Warren Buffett once said,
When a management with a reputation for brilliance tackles a business with a reputation for bad economics, it is the reputation of the business that remains intact. If you subscribe to this idea, then the opposite should also hold true. That is to say, when bad management presides over a sound business model, it should be the reputation of the management team that wins out. But regardless of the business, if poor decisions are being made, the business will render poor outcomes.
You will be hard pressed these days to find any management team other than those at Apple (NASDAQ:AAPL) who deserves more credit than the executives at Oracle (NYSE:ORCL). Unlike many giant technology names of the late 80s and early to mid 90s, they have been able to avoid the depression that seems to be so common today amongst our tech bellwethers. Names like Microsoft (NASDAQ:MSFT), Cisco (NASDAQ:CSCO) and even worst, Novell (NASDAQ:NOVL) and Lotus Software come to mind when discussing languish - whether in innovation or stock price.

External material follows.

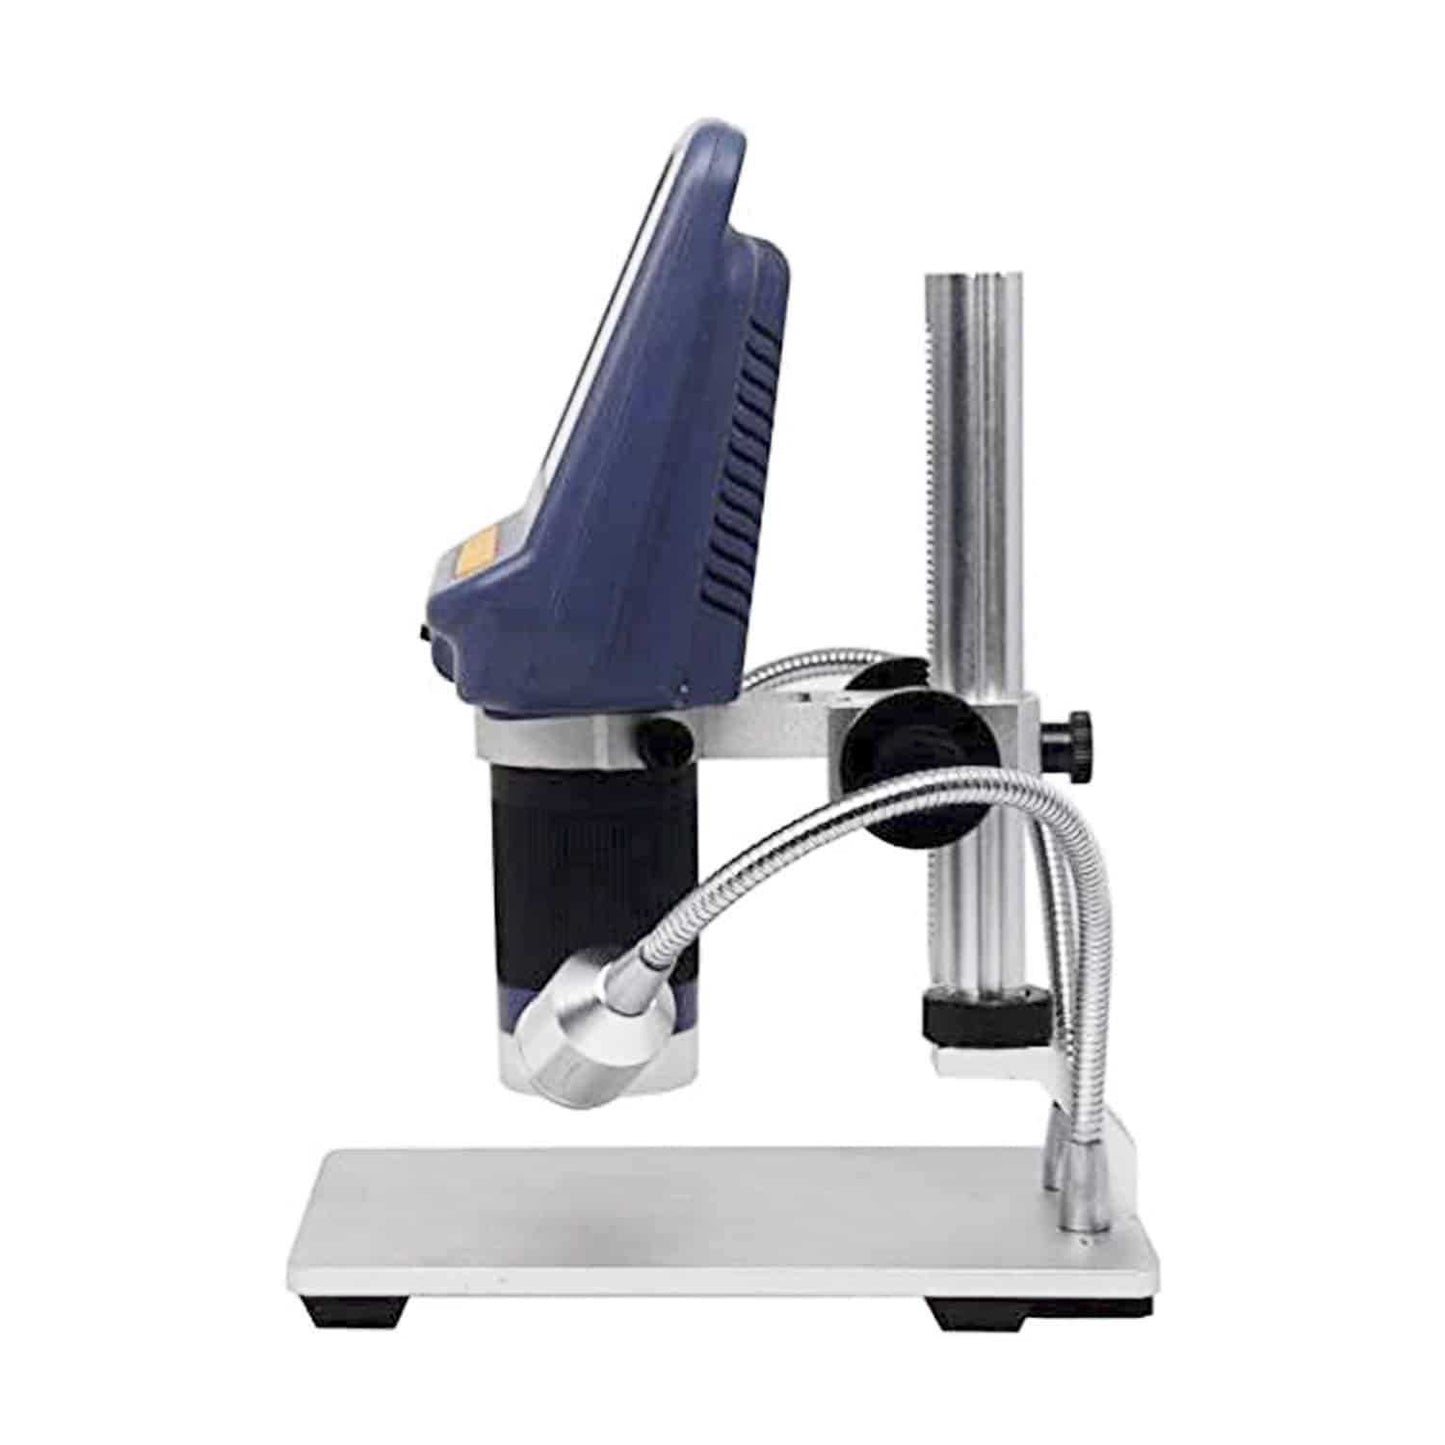 Andonstar AD106S Digital Microscope with Classic Ergonomic Design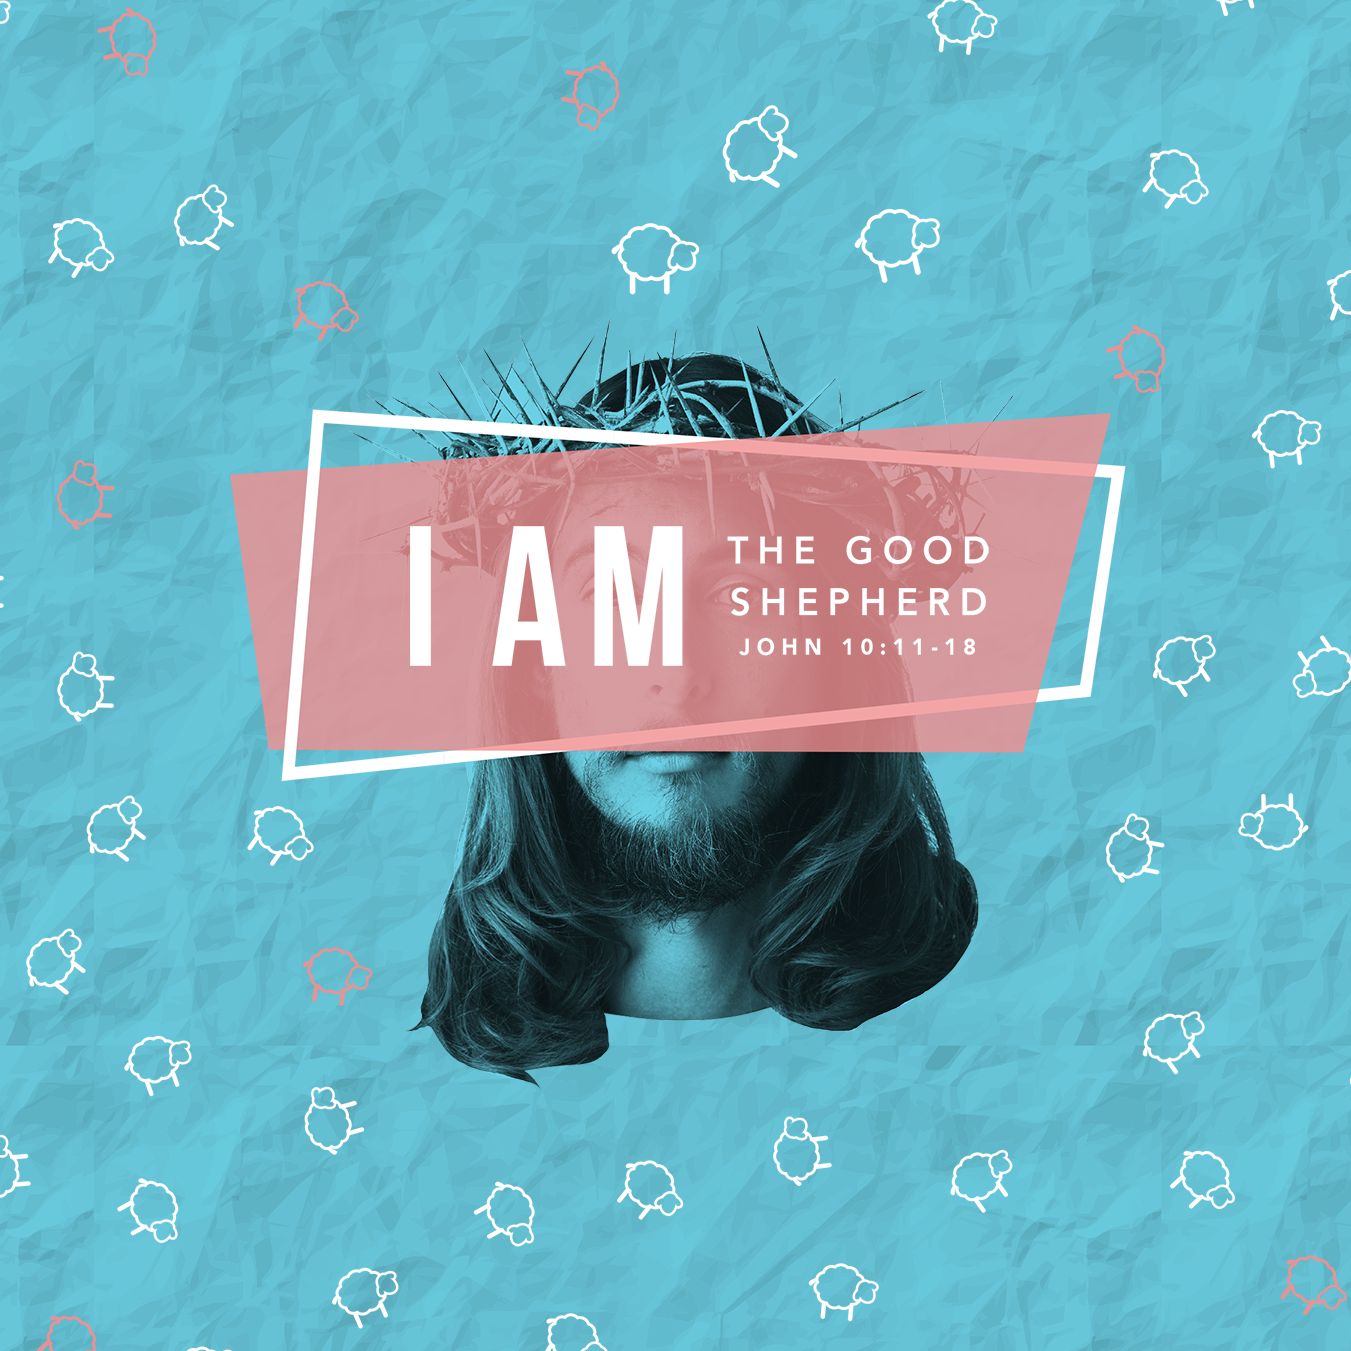 "I AM" | The Good Shepherd - 07/15/18 (Yorba Linda)

Underestimating Good Management
When talking about disappointment, Novell merits special consideration. Once thought to be a legitimate competitor to Microsoft in network operating systems with its Netware Enterprise products, they are now left wondering what could have been. Through their own ineptitude, they allowed rivals (some smaller and bigger) to eat away at their market share until they saw no other alternative but to leave the market entirely. It remains sad to analyze their progression into technological obscurity.
I once discussed about how I allowed Oracle's stock to get away from me a couple of years ago. It was a mistake that I was determined to never repeat. I marvel at the potential gains that I left on the table because I was too quick with the trigger. The lesson that I learned from that was (as Mr. Buffett suggests) - never doubt the abilities of a great management team. But today, it appears that is exactly what Wall Street analysts are doing as it relates to Oracle as they appear unwilling to forgive the database giant for its recent earnings miss - its first in 10 years, which is why I consider the recent stock performance so be nothing other than a gross overreaction.
During the earnings conference call, management spoke of some struggles to close sales as the quarter ended, which reflected uncertainty in financial markets and caused a number of customers to pull back on spending. Management also detailed that new software and hardware products, including Exadata and Exalogic, sold well and beat out servers that combine features from market leading competitor Intel (NASDAQ:INTC).
The Quarter That Was
In the quarter ending November 30, the company reported a profit of 54 cents per share while analysts were projecting profits of 57 cents. The bright side of the report was that new software sales rose slightly - 2% year-over-year to $2 billion. Management also added that it expects hard revenue declines of 5% and 15% while also projecting new software sales growth of flat to 10% - another disappointment as analysts were forecasting growth of 7%.
As a long time shareholder, I can tell you that the company has had better reports. But one thing that it also has is good sound management - and it seems that Wall Street continues to underestimate them. Analysts have overlooked the fact that Oracle had anticipated weakness in certain segments of its business preemptively positioned itself for the technological shift within the cloud that will allow it to remain dominant in the corporate enterprise sector. Yet, it would seem that the market had developed a bit of anxiety over its earnings and the likelihood that a rebound in IT spending was less possible in 2012. But for Oracle, other streams of revenue and growth have always been par for the course.
Managing the Cloud
We have seen recent evidence of this strategy when it acquired RightNow, the cloud-based customer experience suite designed to help organizations deliver customer experiences across the web and social networks. And then recently when it acquired human resources software maker Taleo for $1.9 billion - a deal that is expected to close this year. The company realizes that it cannot rest on its laurels because the competition for the cloud is growing fierce. Companies such as IBM, Cisco (CSCO), SAP (NYSE:SAP) as well as Microsoft and to a lesser extent well as Hewlett Packard (NYSE:HPQ) all have been targeting the same pie that it expected to grow for the next decade. But what sets Oracle apart for the rest is its leading business applications as well as its leading database software solutions that will certainly be in greater demand - particularly with its increasing integration in business software, hardware, platforms and use.
Being dominant well into the future has always been Oracle's top priority. Oracle's CEO Larry Ellison has shown that he and his team are not only able to move Oracle in the right direction, but the company plans to sustain its growth ratios and increase profitability by focusing on the enterprise database market. The company's ability to be forward looking have caused them to set their sights not only on virtualization, but also cloud computing technologies - which is (in my opinion) the future of computing services. With their industry experience and sound management team, are you ready to bet against them?